CLI mode (npx postgresai checkup) — connects directly to your database and runs 11 checks. No Docker required.
Monitoring stack mode — the reporter component inside the full monitoring stack runs automatically on a daily schedule, analyzing collected metrics to generate 23 checks including query analysis, bloat estimates, and wait events.

CLI checks

The CLI runs 11 checks organized in 5 groups.

Version and configuration

A002 — Postgres major version. Reports the major version and checks whether it is still supported by the PostgreSQL community. Running an unsupported major version means no security patches.

A013 — Postgres minor version. Checks whether you are on the latest minor release. Minor releases contain critical bug fixes and security patches — lagging behind is a common source of preventable outages.

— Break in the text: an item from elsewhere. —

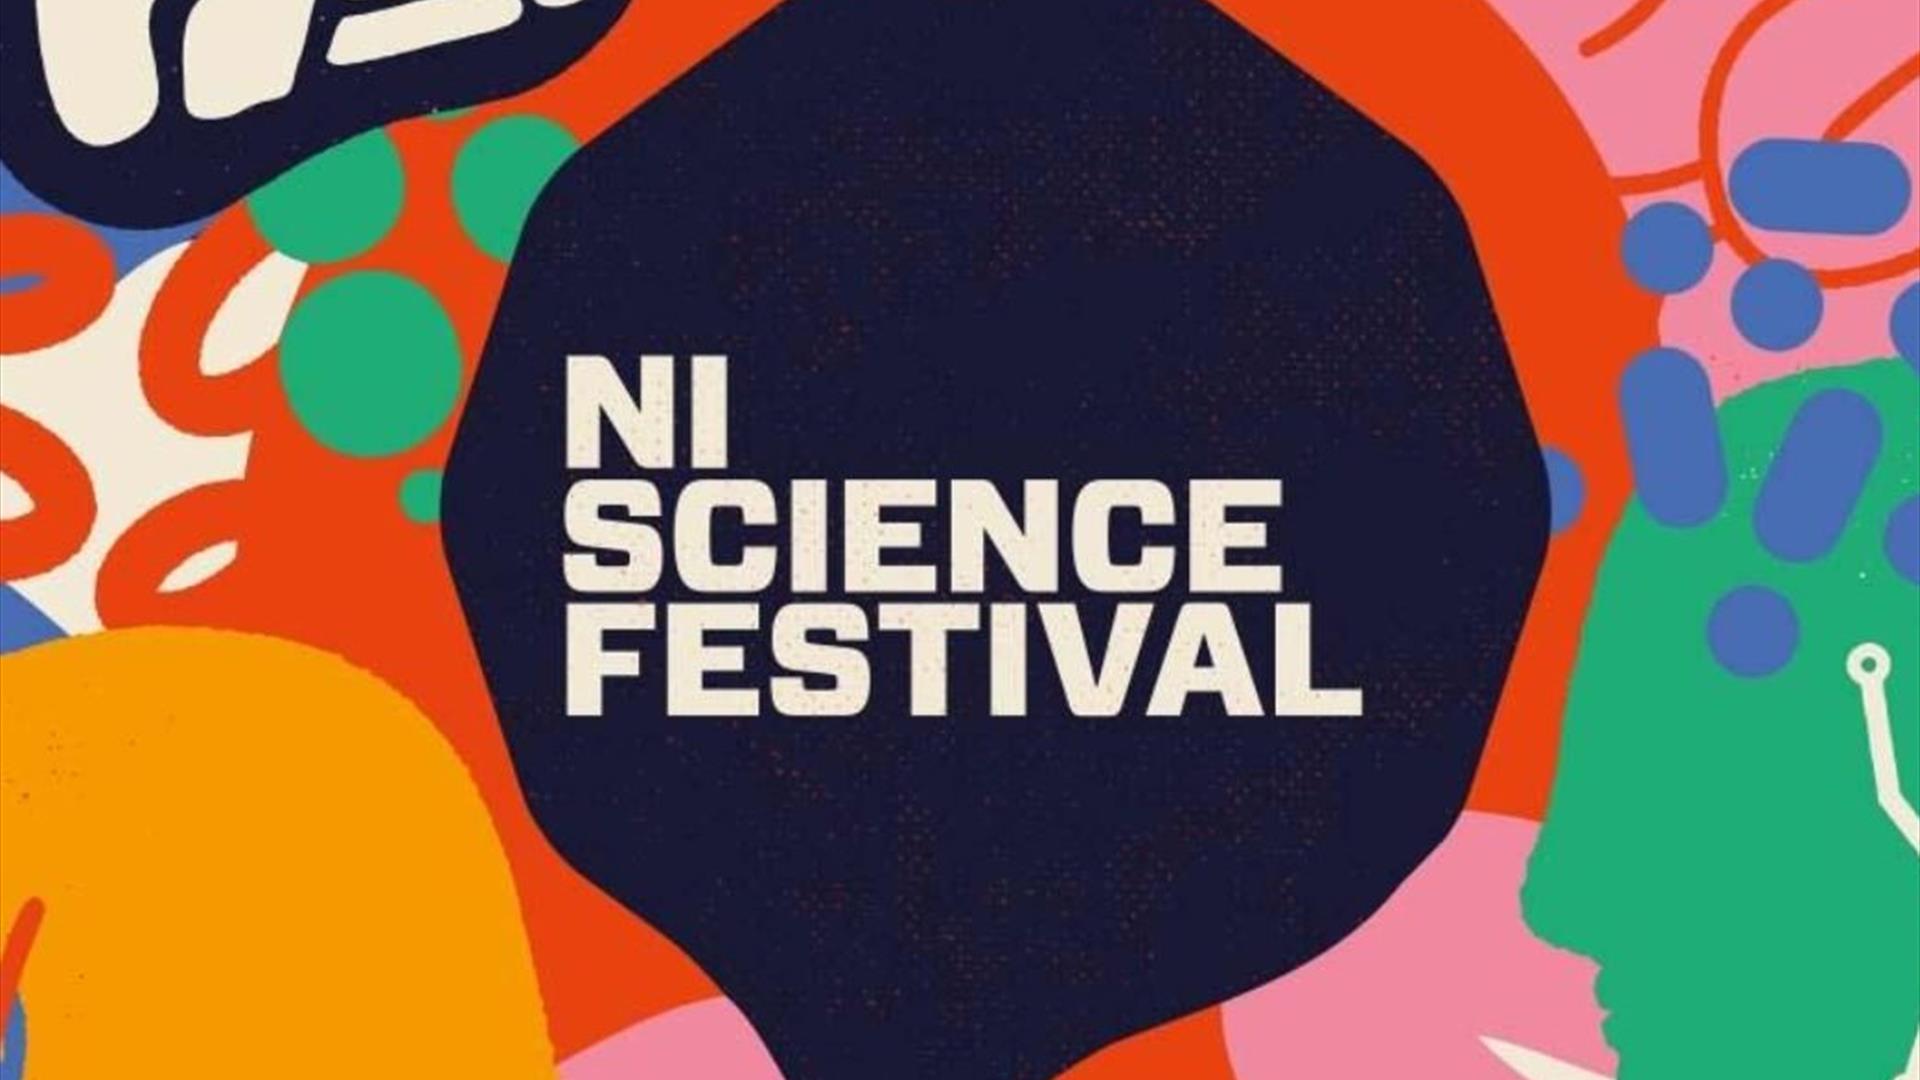 colourful image with black circle with writing saying "NI Science Festival"

A003 — Postgres settings. Collects all postgresql.conf settings so they can be analyzed for known misconfigurations (e.g., shared_buffers still at the 128 MB default, random_page_cost not tuned for SSDs).

A007 — Altered settings. Shows which settings have been changed from their defaults. Helps identify intentional tuning vs. accidental changes and catch settings that conflict with each other.

A004 — Cluster information. Collects cluster-level metadata: data directory, database sizes, tablespace layout, and replication state. Useful for understanding the physical layout of the installation.

Monitoring readiness

D004 — pg_stat_statements and pg_stat_kcache settings. Verifies that pg_stat_statements is installed and configured correctly. Without it, query-level analysis (in dashboards and future checkup checks) is not possible. Also checks for pg_stat_kcache if available.

Autovacuum

F001 — Autovacuum: current settings. Collects all autovacuum-related settings (global and per-table overrides). Identifies common misconfigurations such as autovacuum disabled on specific tables, overly conservative thresholds, or too few workers for the workload.

Memory

G001 — Memory-related settings. Analyzes shared_buffers, work_mem, maintenance_work_mem, effective_cache_size, and other memory settings relative to the available system RAM. Flags obvious problems like shared_buffers set to less than 25% of RAM or work_mem set too high for the number of connections.

Index health

H001 — Invalid indexes. Finds indexes that are marked as invalid — typically from a failed CREATE INDEX CONCURRENTLY that was never cleaned up. Invalid indexes consume disk space and slow down writes but are never used for queries.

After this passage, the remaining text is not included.